Rants and Gratitude

Cloudbird. It was too big to fit in the frame, so its wings leak off the edges.

Just saying: If you don’t read the newsletters and internal memos and emails for the place you work for, and you miss something critically important, you can’t go around telling people you weren’t briefed. I mean, it’s happened to me. I’ve occasionally missed something important because I skipped over the newsletter, thinking I would come back to it later. And it was my responsibility to keep myself informed, not the responsibility of someone else to pull it out and mark it with a highlighter, and remind me to read it. And I am not the president.

With that sort of grouchy rant to start my morning, I suppose I should say something nice.
1. I’m going to work today at Radiance!

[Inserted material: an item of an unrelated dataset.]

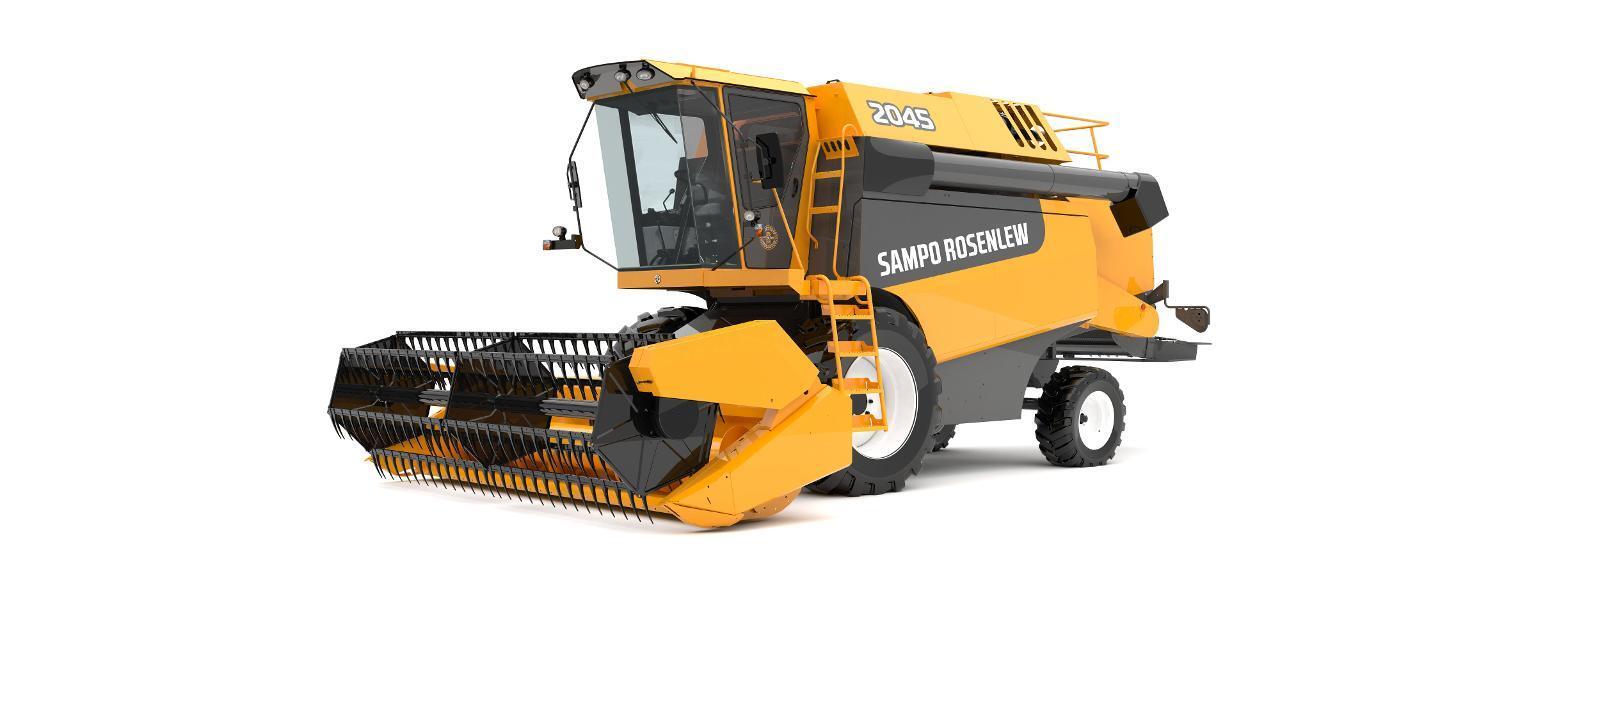 Sampo viderefører Classic med sikkerhetsdetaljer og en motor som greier utslippskravene

That makes me happy and satisfied.
2. We thought that the things Jon planted were sort of a bust after the deer and groundhogs and storms raged through, but last evening, I harvested some wonderful zukes and cukes and beans, and Jon got a nice binful of broccoli.
3. Yesterday I took an online conference on Online Teaching, which is kind of the LAST thing I ever want to do again, but now I feel like I really might be able to do it, if it comes down to that.
4. That sky bird in the clouds last evening.
5. The people who ground me, who hold the strings when I go kiting off on a rant, who remind me to be nice.

May we do justice, love mercy, and walk humbly in Beauty!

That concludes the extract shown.